I wonder if there is a race condition between creating the actual symlinks and creating the /dev/disk/by-id/
directory ...
I think messages like this explain the missing symlinks
...
Dec 10 10:48:30 openshift-8.s390.bos.redhat.com systemd-udevd[420]: dasdd: No reference left for '/dev/disk/by-id/ccw-IBM.750000000FRB71.0233.22.00000000000027200000000000000000', removing
Dec 10 10:48:30 openshift-8.s390.bos.redhat.com systemd-udevd[420]: dasdd: Updating old device symlink '/dev/disk/by-id/ccw-0X5722', which is no longer belonging to this device.
Dec 10 10:48:30 openshift-8.s390.bos.redhat.com systemd-udevd[420]: dasdd: No reference left for '/dev/disk/by-id/ccw-0X5722', removing
Dec 10 10:48:30 openshift-8.s390.bos.redhat.com systemd-udevd[420]: dasdd: Updating old device symlink '/dev/disk/by-id/ccw-IBM.750000000FRB71.0233.22', which is no longer belonging to this device.
Dec 10 10:48:30 openshift-8.s390.bos.redhat.com systemd-udevd[420]: dasdd: No reference left for '/dev/disk/by-id/ccw-IBM.750000000FRB71.0233.22', removing
Dec 10 10:48:30 openshift-8.s390.bos.redhat.com systemd-udevd[420]: dasdd: Updating old device symlink '/dev/disk/by-id/ccw-IBM.750000000FRB71.0233.22.00000000000027200000000000000000', which is no longer belonging to this device.
Dec 10 10:48:30 openshift-8.s390.bos.redhat.com systemd-udevd[420]: dasdd: No reference left for '/dev/disk/by-id/ccw-IBM.750000000FRB71.0233.22.00000000000027200000000000000000', removing
Dec 10 10:48:30 openshift-8.s390.bos.redhat.com systemd-udevd[420]: dasdd: Updating old device symlink '/dev/disk/by-id/ccw-0X5722', which is no longer belonging to this device.
Dec 10 10:48:30 openshift-8.s390.bos.redhat.com systemd-udevd[420]: dasdd: No reference left for '/dev/disk/by-id/ccw-0X5722', removing
Dec 10 10:48:30 openshift-8.s390.bos.redhat.com systemd-udevd[420]: dasdd: Updating old device symlink '/dev/disk/by-id/ccw-IBM.750000000FRB71.0233.22', which is no longer belonging to this device.
Dec 10 10:48:30 openshift-8.s390.bos.redhat.com systemd-udevd[420]: dasdd: No reference left for '/dev/disk/by-id/ccw-IBM.750000000FRB71.0233.22', removing
ping me for a full log
I'm currently unable to access the RedHat BZ. I need to get an account first.
Can you share more details about your setup? How are the DASDs configured? Did you use chzdev -e
to have a persistent
configuration? Is it always the same DASDs that have this issue or is it random?
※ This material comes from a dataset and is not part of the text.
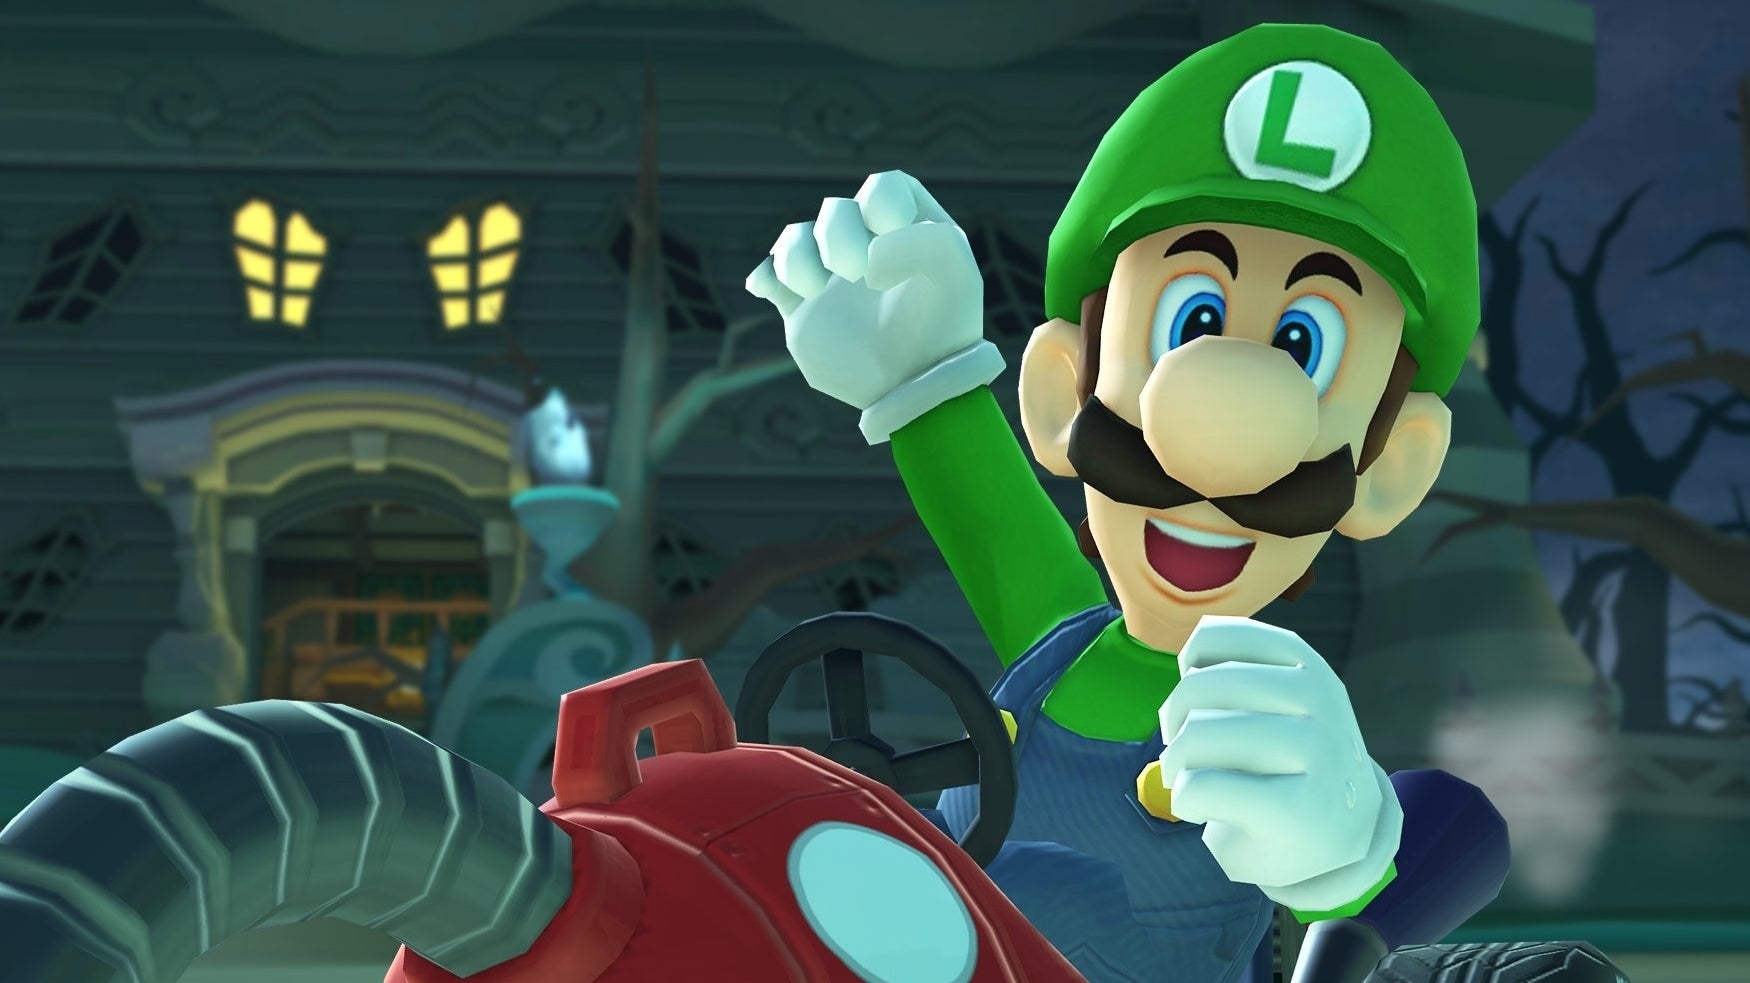 Image for Nintendo's mobile games reach $1bn in lifetime revenue

I've tried several reboots on an LPAR with 10 DASDs persistently configured using chzdev -e
on a freshly installed
F35 (tried both 5.15.6-200.fc35.s390x
and 5.14.10-300.fc35.s390x
+ s390utils-2:2.17.0-2.fc35.s390x
) but
wasn't able to reproduce the issue so far.
my environment is
- z13 with z/VM 6.4.0
- the guest is Fedora 35 with kernel-5.14.18-300.fc35.s390x and systemd-udev-249.7-2.fc35.s390x
- DASDs configured with rd.dasd= and /etc/dasd.conf
- what links are present/missing is purely random
The original report is from OCP/RHEL-8.x with z/VM 7.2.0 on z13 and z15.
I suspect there might be something wrong with udev or kernel handling the devices, rather than the udev rules in s390utils which are pretty straightforward.
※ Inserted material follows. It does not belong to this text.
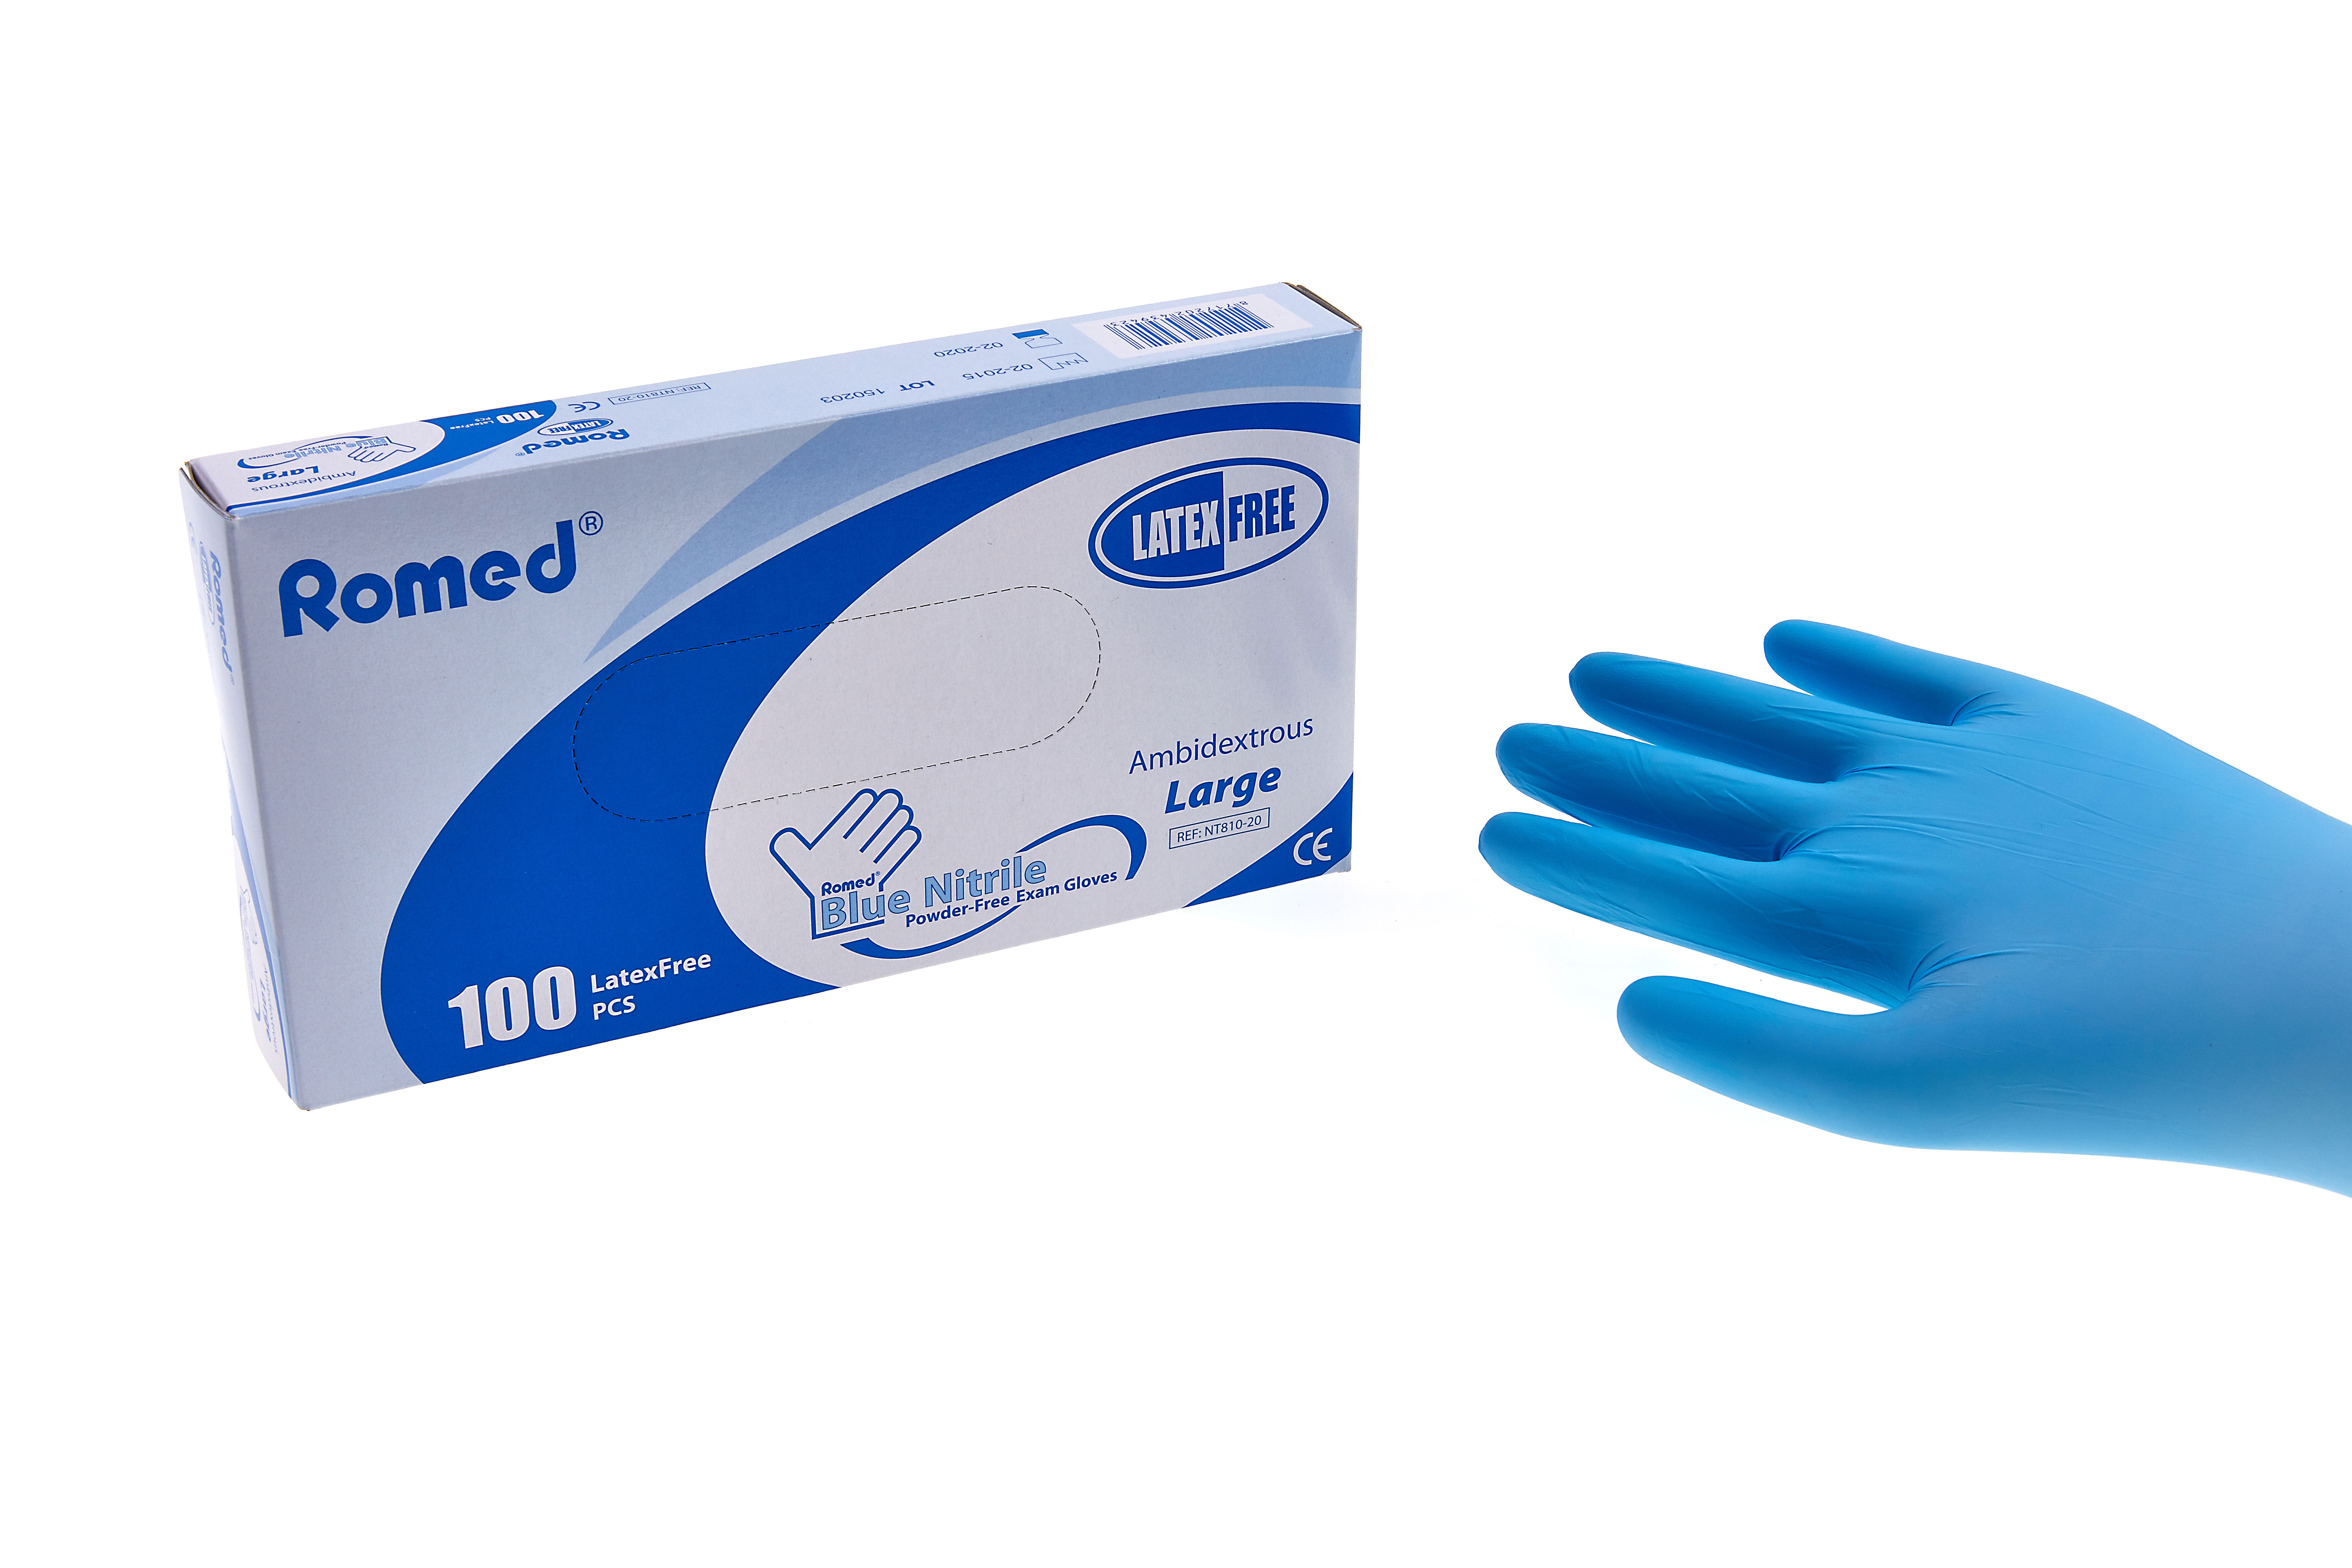 NT805-20 Romed nitrile examination gloves, non sterile, powderfree, blue, medium, per 100 pcs in a dispenser box, 20 x 100 pcs = 2.000 pcs in a carton.

20220105-1028-udev.log.zip
created with
journalctl -b | grep systemd-udev > 20220105-1028-udev.log
ll /dev/disk/by-id/ >> 20220105-1028-udev.log
lsdasd
I was able to reproduce the issue myself now with:
- LPAR z14
- F35 5.14.10-300.fc35.s390x and systemd-udev-0:249.7-2.fc35.s390x
- DASDs configured with /etc/dasd.conf
I didn't see the problem when using chzdev to persistently configuring the devices. Maybe you can give it a try
to see how this behaves on your setup. Make sure to remove all DASD from /etc/dasd.conf and then enable them
via chzdev -e <devices>
(you can specify a range here as well, e.g. 9300-930f).
I'll dig a bit deeper to see where the problem might be.
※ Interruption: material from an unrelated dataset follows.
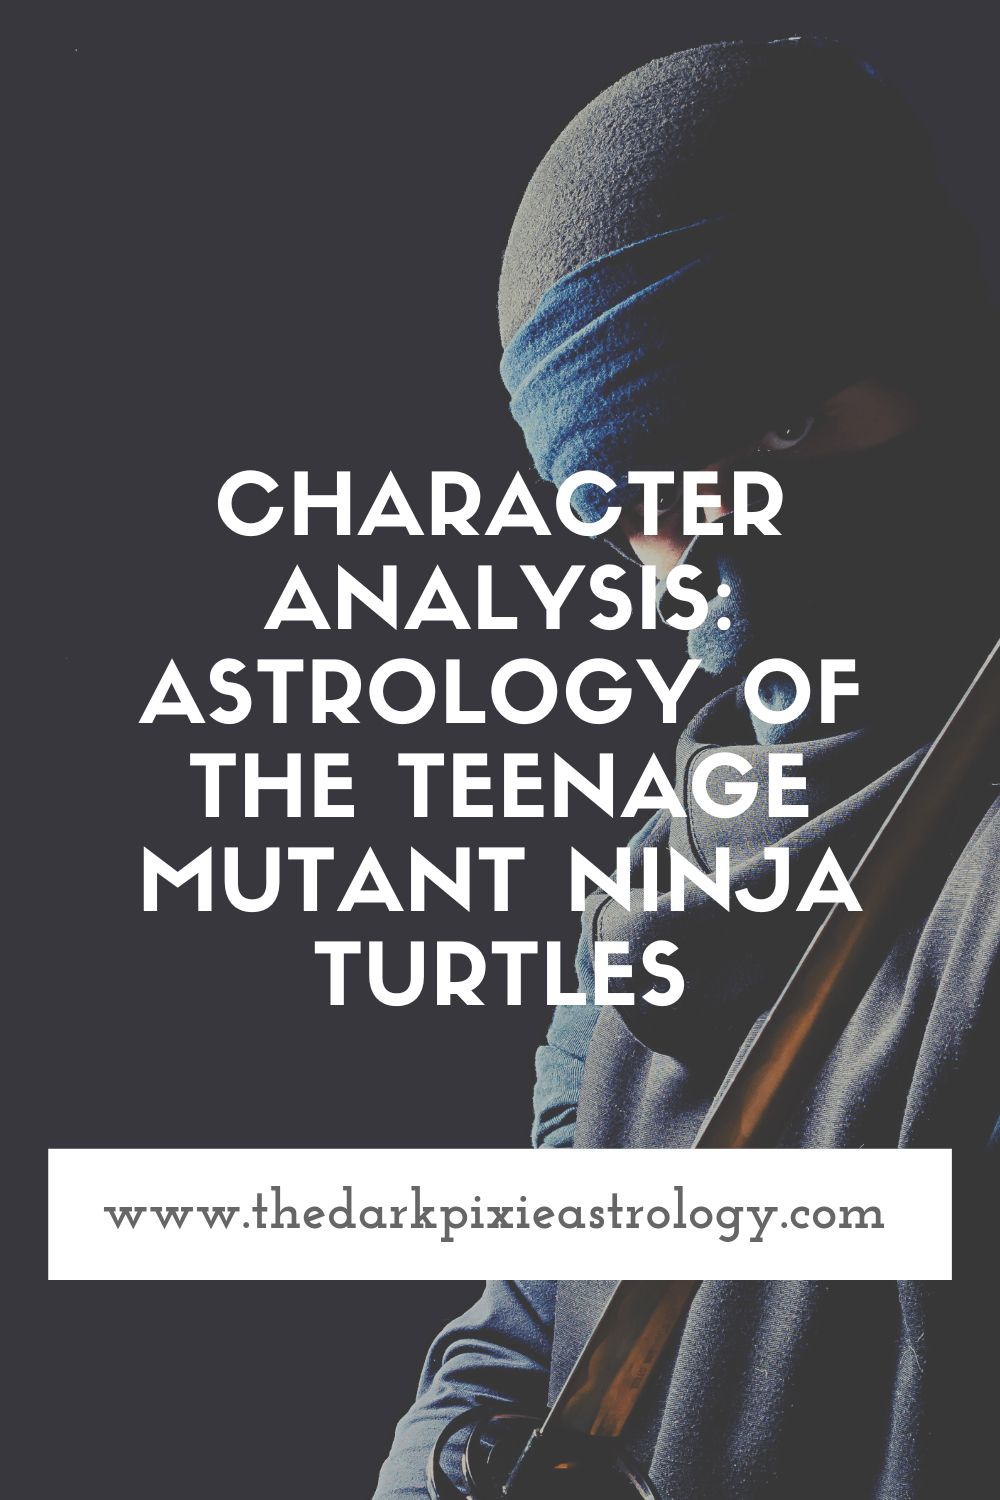 Character Analysis: The Astrology of the Teenage Mutant Ninja Turtles - The Dark Pixie Astrology

Have you also removed the rd.dasd=
definitions from the kernel parameter line and used the zdev "rootfs mode" purely?
Right now I am testing with /etc/dasd.conf
completely removed (both from system and from initrd) and still no 100% success (4x all links created, 1x no links at all, 1x links for dasdc1
only).
I believe using the zdev persistent config doesn't matter. I have converted my system fully to zdev for dasds and I am still getting random result with the "by-id" links. I suspect the problem is deeper in udev or kernel.